Date: Fri, 16 Sep 2005 18:01:26 -0400
Reply-To: Richard Ristow <wrristow@mindspring.com>
Sender: "SPSSX(r) Discussion" <SPSSX-L@LISTSERV.UGA.EDU>
From: Richard Ristow <wrristow@mindspring.com>
Subject: Suggestion: Group-contiguous vectors
Content-Type: text/plain; charset="us-ascii"; format=flowed
As we all know, the elements of a vector must be contiguous in the
file. (And I'll skip saying anything about SAS arrays, whose elements
can be completely arbitrary sets of variables.)
I expect that SPSS vectors work the way they do because implementation
is simpler. A SAS array probably takes a full array of pointers, one
pointing to each of the variables. An SPSS vector probably takes two
numbers: the location within the data record of the first element, and
the number of elements. Plus the element length, in case the vector
elements are strings longer than 8 characters. (So you shouldn't be
able to have a vector of strings of different lengths; and sure enough,
you can't. From the syntax manual: "A single vector must comprise all
numeric variables or all string variables. The string variables must
have the same length.")
But here's something almost as simple, that would be very useful: what
I'll call "group-contiguous" vectors.
A common instance is for a record to contain a repeating sequence, each
member the same length, of groups of logically related variables. The
members of a group may well be of different types, but corresponding
members of different groups will be of the same type. Like this:
DISPLAY VARIABLES.
List of variables on the working file
Name Pos Level Print Fmt Write Fmt Missing Values
SUBJECT 1 Scale N3 N3
ALPH2001 2 Scale F3 F3
BETA2001 3 Scale F3 F3
GAMM2001 4 Scale F3 F3
ALPH2002 5 Scale F3 F3
BETA2002 6 Scale F3 F3
GAMM2002 7 Scale F3 F3
ALPH2003 8 Scale F3 F3
BETA2003 9 Scale F3 F3
GAMM2003 10 Scale F3 F3
SPACER 11 Nominal A39 A39
(In some systems, the triplet alpha-beta-gamma would be called a
"user-defined data type.)
So here's a suggested extension to VECTOR:
VECTOR ALPHA,BETA,GAMMA=ALPH2001 TO GAMM2003.
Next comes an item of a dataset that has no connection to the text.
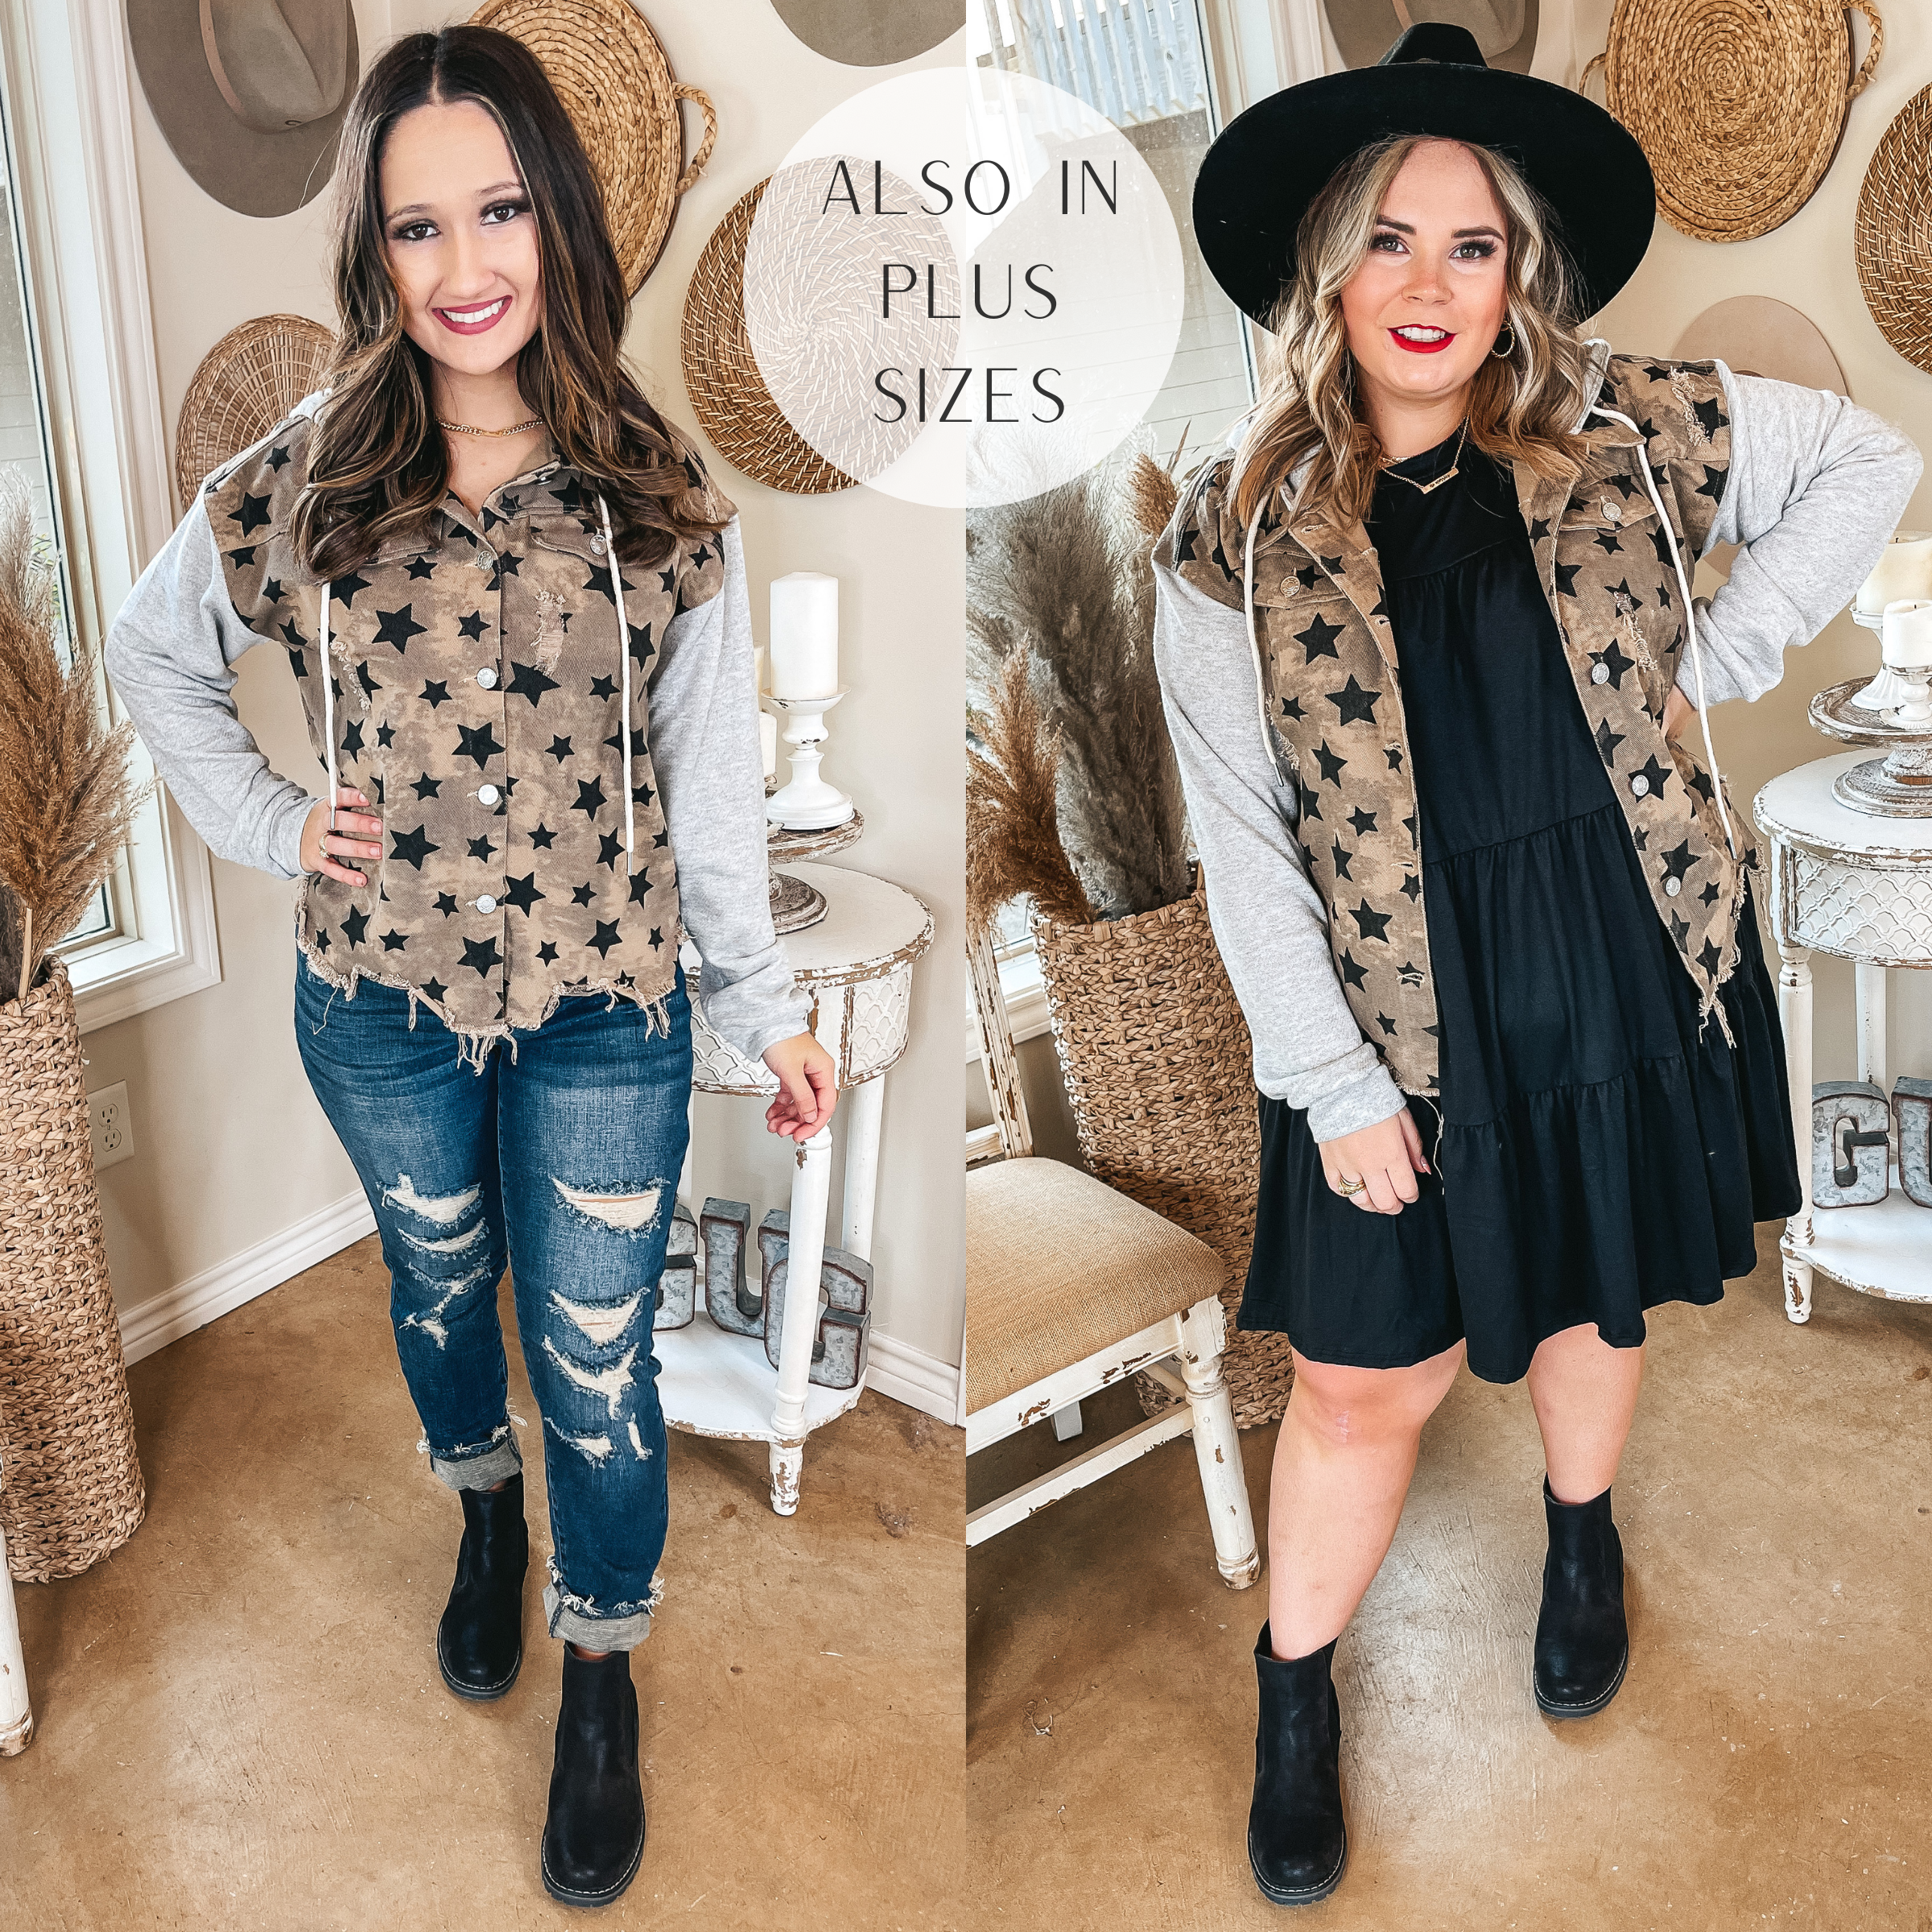 Models are wearing a star print hoodie jacket. Small size model has it paired with distressed jeans, black booties, and gold jewelry. Plus size model has it paired with a black dress, black hat, and black booties.

Then ALPHA, BETA, and GAMMA are interleaved vectors, like this:
Name Vector element
ALPH2001 ALPHA(1)
BETA2001 BETA(1)
GAMM2001 GAMMA(1)
ALPH2002 ALPHA(2)
BETA2002 BETA(2)
GAMM2002 GAMMA(2)
ALPH2003 ALPHA(3)
BETA2003 BETA(3)
GAMM2003 GAMMA(3)
All elements of ALPHA, of BETA and of GAMMA would have to be the same
type and length; but ALPHA, BETA and GAMMA elements would not.
This should be almost as simple to implement: the vectors ALPHA, BETA
and GAMMA could still be represented internally as a starting point, a
number of elements, and the distance (in 8-byte units) between
consecutive elements.